Quill didn't answer for a moment. She pulled onto the road and drove in silence, then said. "There was a security guard, surely."
"Was there?" They looked at each other. Meg raised her eyebrows. "You know, we're coming up on his house in a moment. Let's go find out."
"We can't interfere in a police investigation."
"Quill, we've investigated how many murderers?"
"Four," said Quill glumly. "And a dozen corpses."
"And we've never worried about interfering in a police investigation before."
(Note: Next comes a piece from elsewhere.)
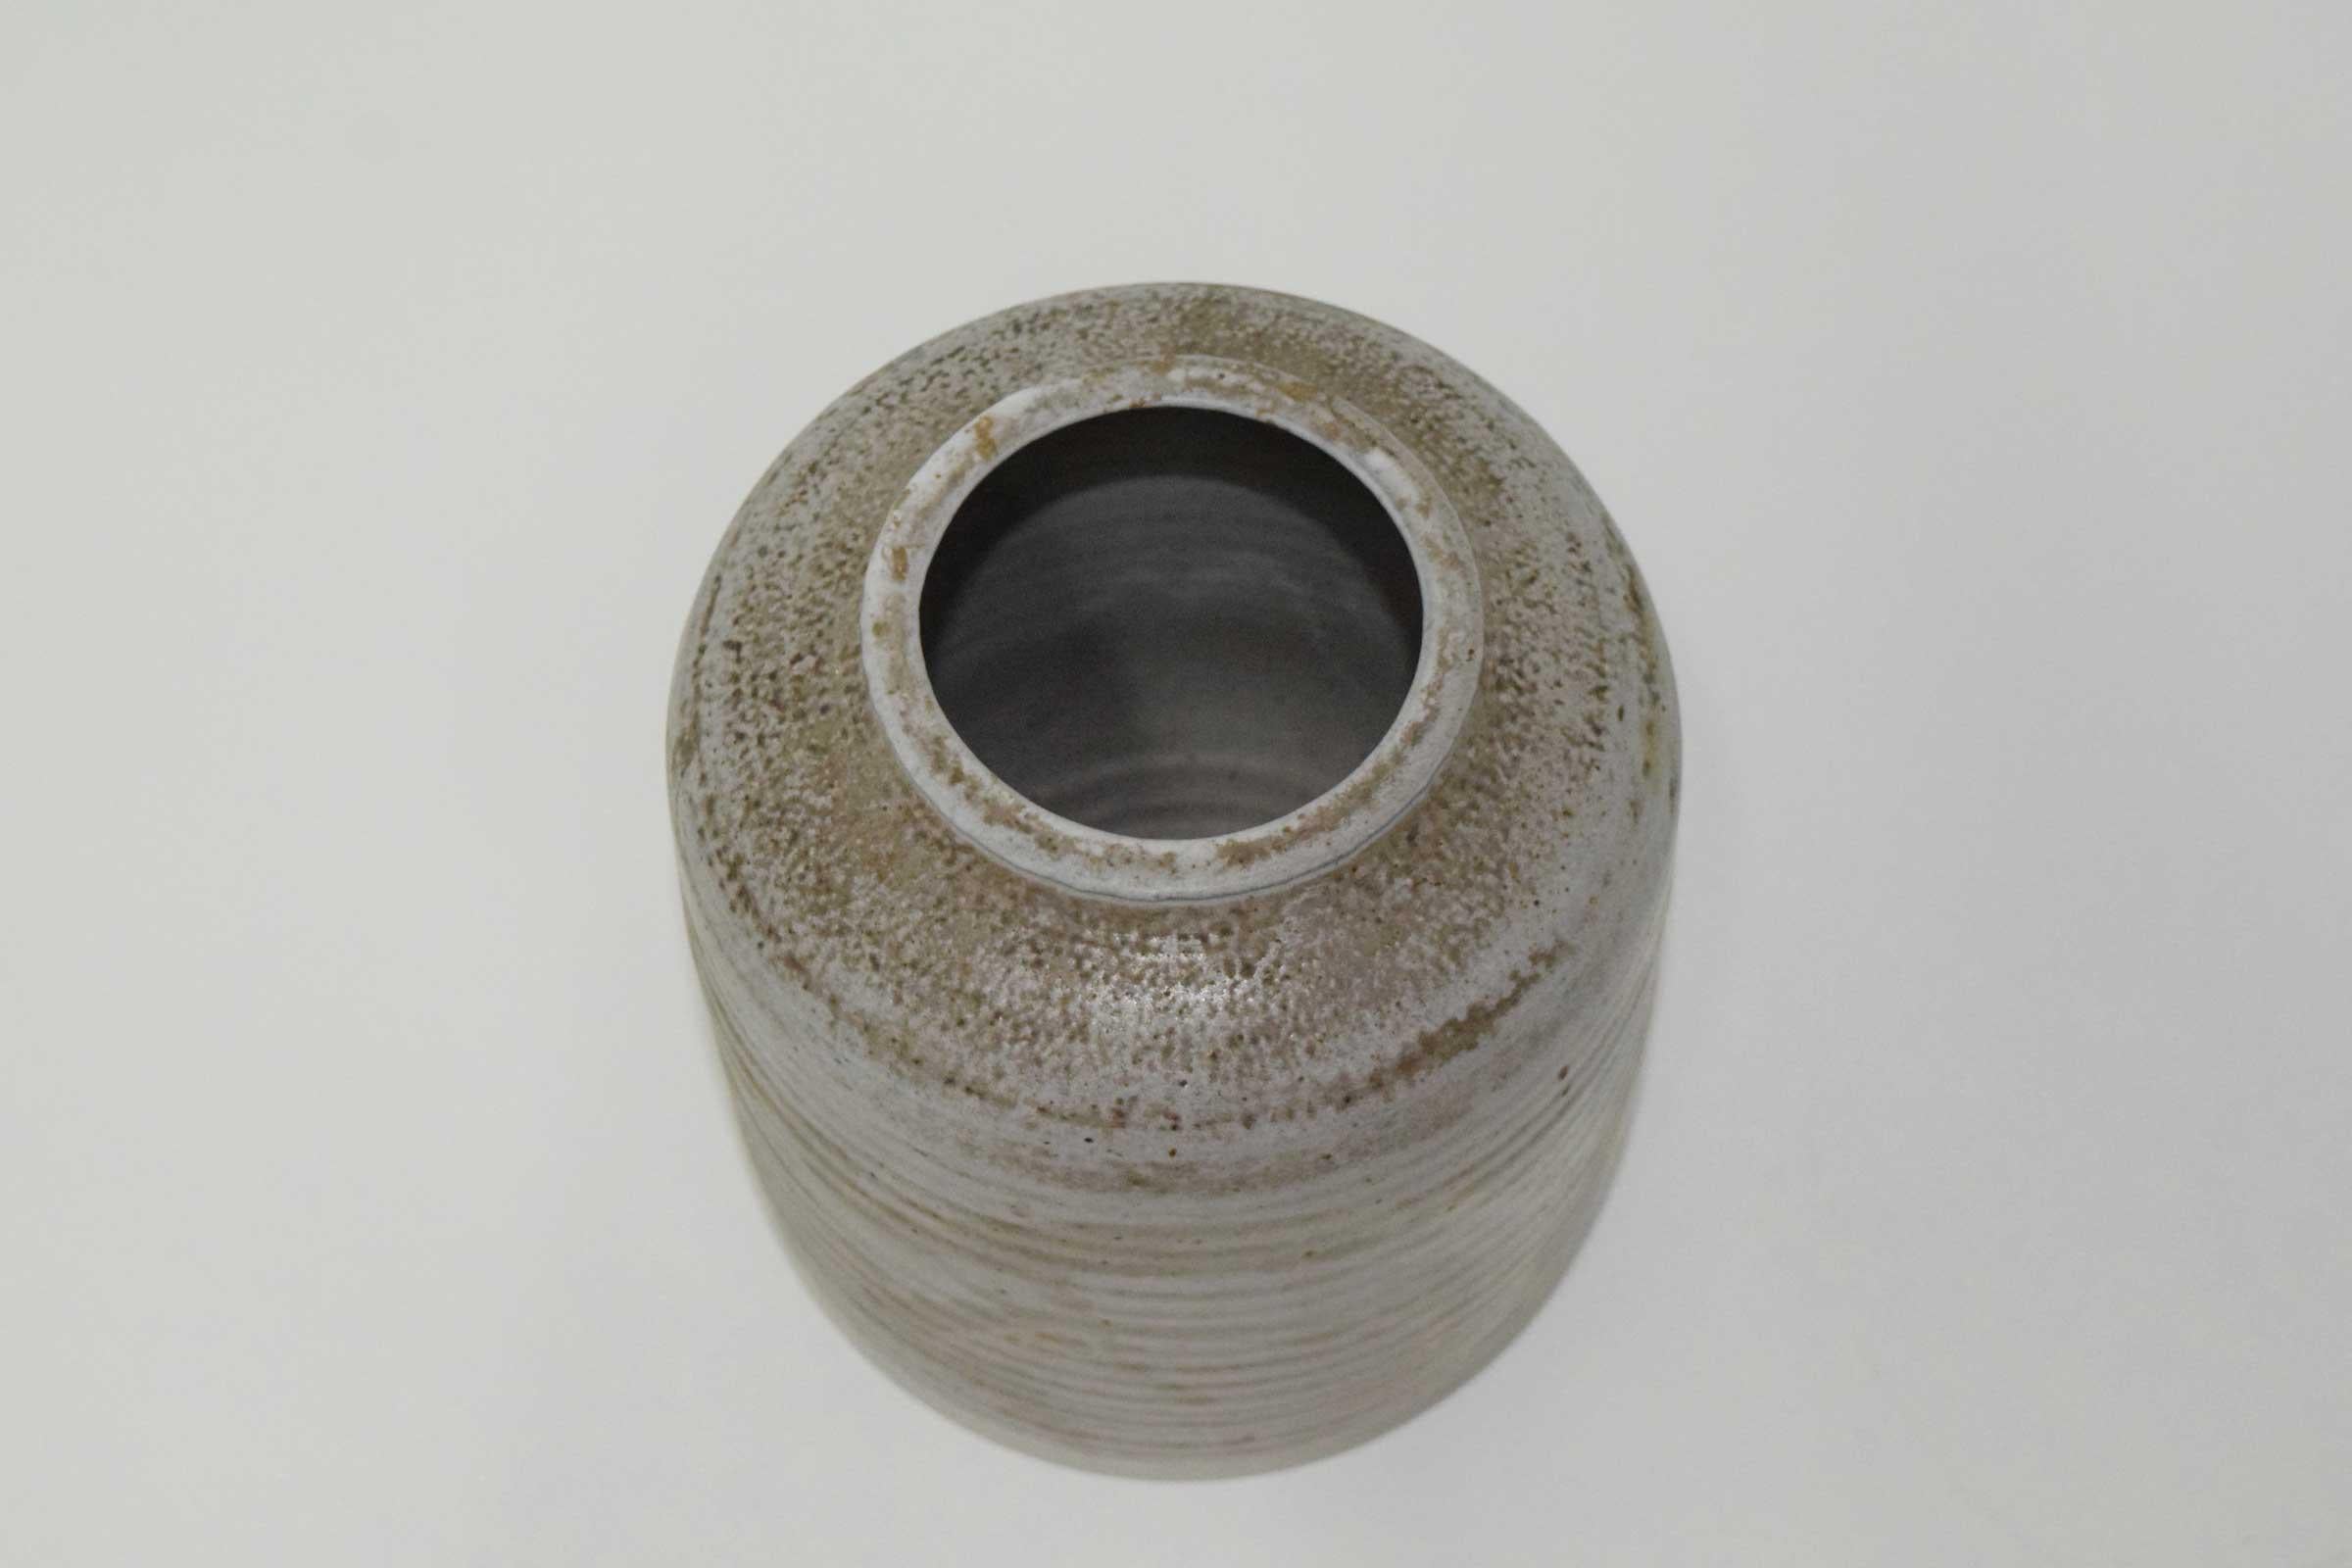 Clyde Burt Ceramic Vessel or Vase In Good Condition For Sale In Dallas, TX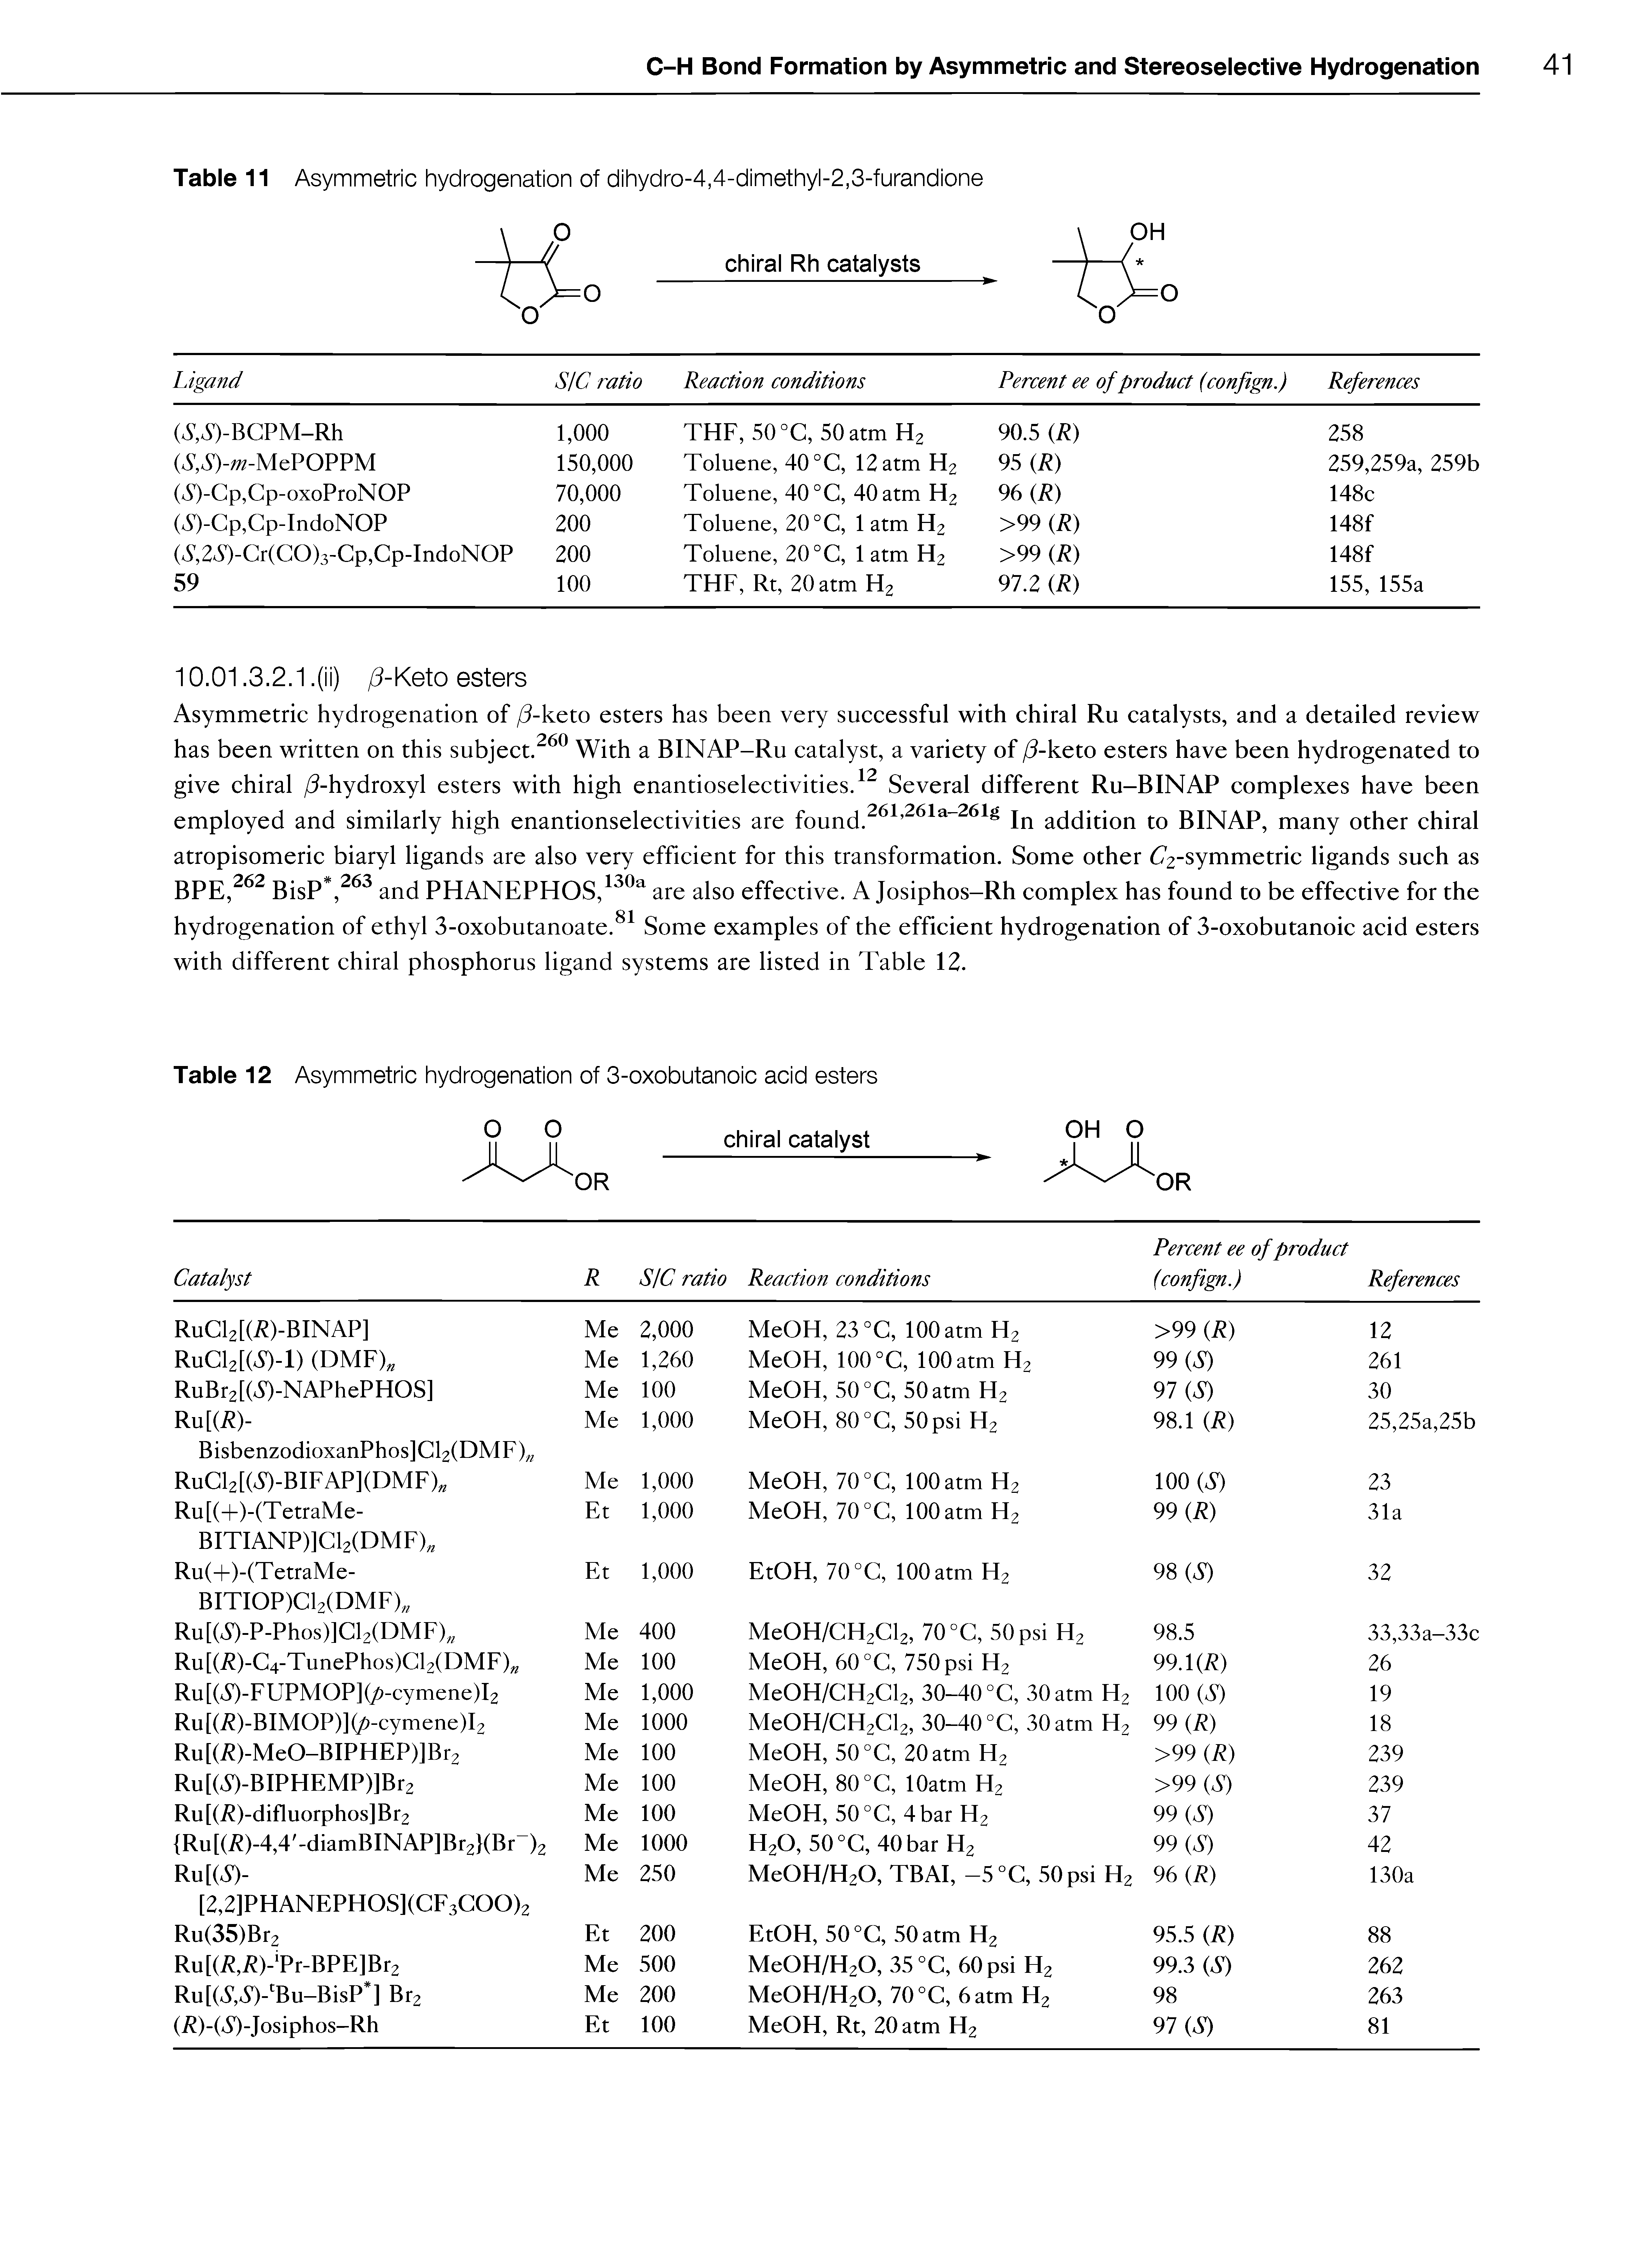 Table 12 Asymmetric hydrogenation of 3-oxobutanoic acid esters...

"Myles was in charge of almost all of those cases, Meg. I hardly think that the police here in Florida are going to welcome the services of two amateur detectives." She slowed. They were approaching Verger Taylor's mansion. The two gold lions shone brightly in the glare of the Mercedes's headlights.
"There's no one there!" Meg said in surprise.
"We were closer to the house than the Palm Beach County police," Quill pointed out. "They haven't had time to get here yet."